Why Do My Hips Hurt When I Squat?

http://fitnesspainfree.com/why-do-my-hips-hurt-when-i-squat-femoral-acetabular-impingement-part-2/

 (Information taken from the above article)

Ok, Lets trouble shoot your squat…

Perfect Overhead squat form from the toes up:
1. Feet Flat – not excessively turned out
2. Knees over toes
3. Hips back with the hip crease below the top of the knee
4. Flat neutral spine
5.Upright torso
6. Externally rotated shoulders (“show your armpits”)
7. Arms locked out
8. Bar is directly over your center of mass

An overhead squat is a full body movement and requires multiple joint systems to work together to achieve perfect form. If there is a break down in any one of the 8 areas listed above, it can affect what goes on at your hips and other parts of your body. Your hips and spine are the foundation around which the rest of your body moves. Most people can’t even achieve a perfect overhead squat position without weight. When examining your overhead squat technique, start without any weight and videotape yourself from the front and the side. See if you can observe the 8 points listed above in your squat. If your missing any of the 8 points, now know where to start. Don’t get sloppy when you’re working on your squat.
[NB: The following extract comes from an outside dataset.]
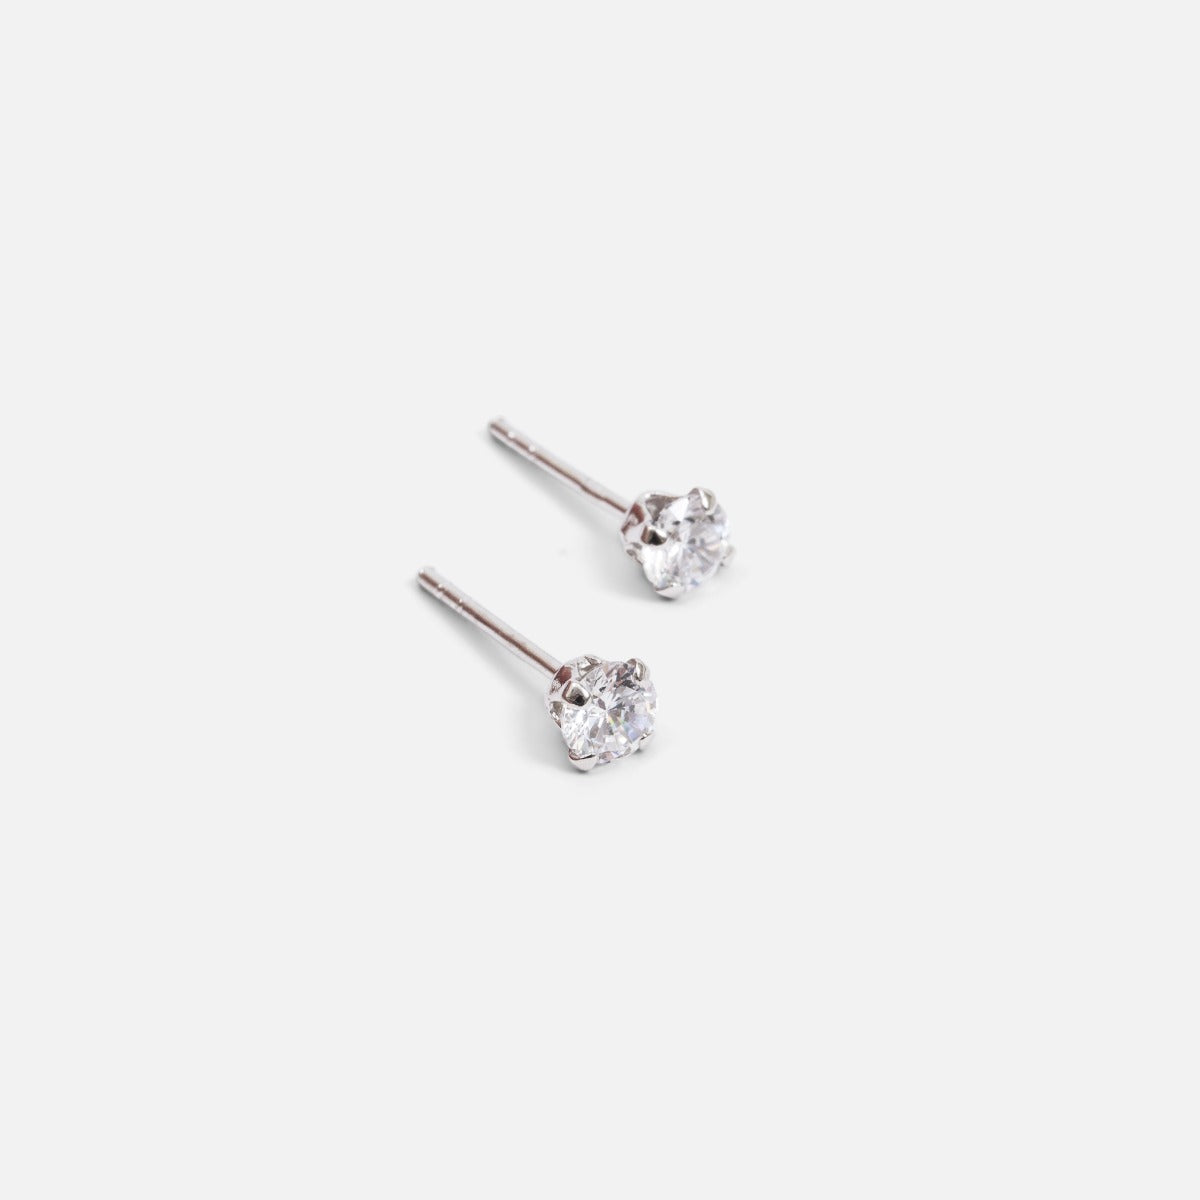 Sterling silver fixed earrings with small cubic zirconia stone

Use each rep to work on your proper technique throughout every work outs.

Here are tips to work on for each of the listed above areas to help perfect your squat:
-Foot – Train to maintain a short foot position (See video clip in article)
-Ankle- Mobilize it
-Knee – keep it over the toe when squatting
-Hips – strengthen and stretch the hip external rotators (glutes)

-Lumbar spine – learn to move from the hips and keep your spine in neutral during a squat
-Thoracic spine – mobilize into extension and strengthen to keep torso upright
-Shoulders- mobilize and train scapular retraction and shoulder external rotation

If you’re having hip pain during your squat, grab a coach next time you’re at the gym and ask them to watch your overhead squat for identification of areas where you might have deficits. Ask a coach if you’re unsure of ways to mobilize, fix or strengthen specific areas. Also, check out the videos and links embedded throughout the article for demonstrations and new training techniques to add to your everyday mobility and strengthening programs that address the above tips.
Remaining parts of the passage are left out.